DEMONSTRATIONS FOLLOW THE ATTACKS
The entire attack did not last — according to eye witnesses –more than seven minutes. The army rushed to the scene within minutes, and began a large-scale manhunt. Major reinforcements were rushed to Hebron, partly by helicopters. A curfew was imposed on the city and the nearby town of Halhoul to prevent Arab demonstrations.
Indeed, such demonstrations did take place in the city of Nablus in Samaria. One Arab girl was re- ported killed, and another wounded — apparently in clashes with Israeli security forces.
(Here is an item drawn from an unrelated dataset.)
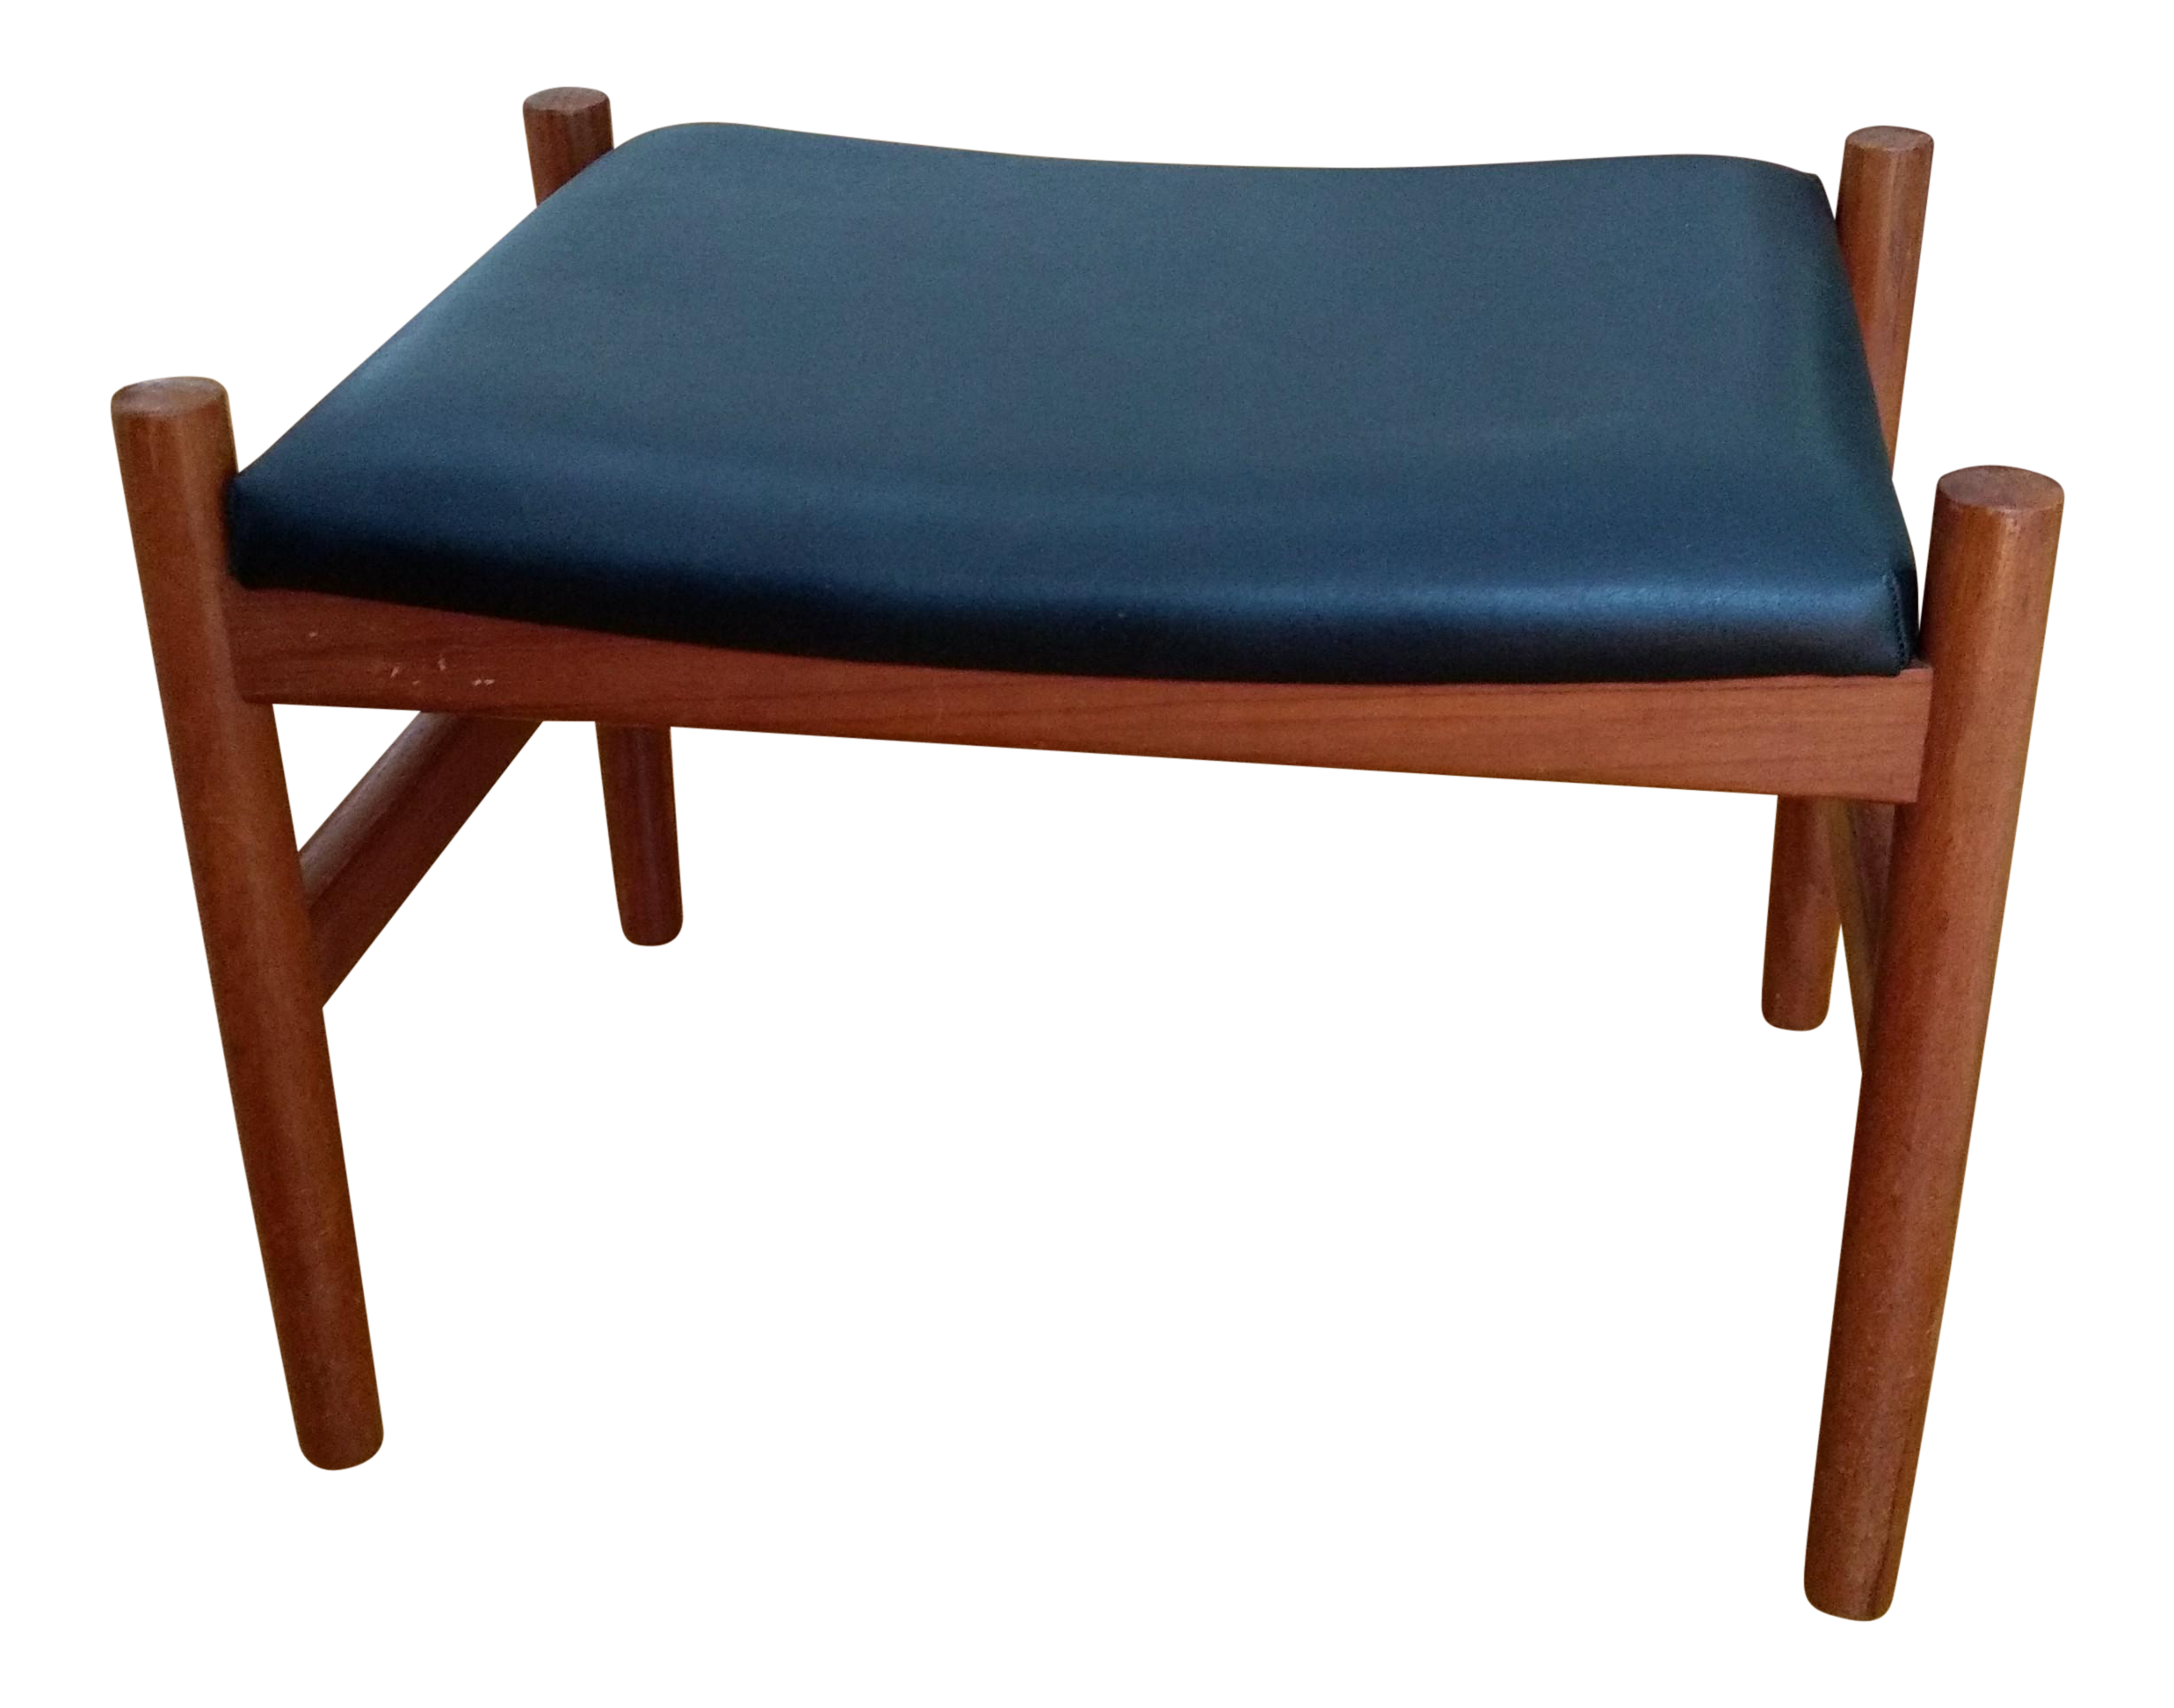 Vintage Danish Modern Teak Spottrup Stool Chairish

Several soldiers were reported wounded by rock attacks.
Road blocks were placed throughout the main roads of the West Bank, with the security forces checking both Arab and Jewish vehicles.
The security forces ventured no guesses as to the identity of the assailants. The fact that the attack came two-and-a-half weeks after the murder of yeshiva student Aharon Gross in Hebron, and that it was directed against a Moslem religious institution did not immediately indicate that the attackers were Jewish, according to senior officers.
The investigation was reportedly taking all possible directions beginning with the possibility of Jewish vigilantes, through Arab provocation, all the way to the possibility that this was an internal Arab struggle.
The attack was condemned by various Israeli personalities, led by Premier Menachem Begin. It came three days after the curfew was lifted in downtown Hebron, and life was returning to normal following two weeks of tension after the Gross murder. One voice that was not heard until late this evening was that of the Jewish settlers of Hebron. They scheduled a meeting for late tonight, after which they intend to issue a statement.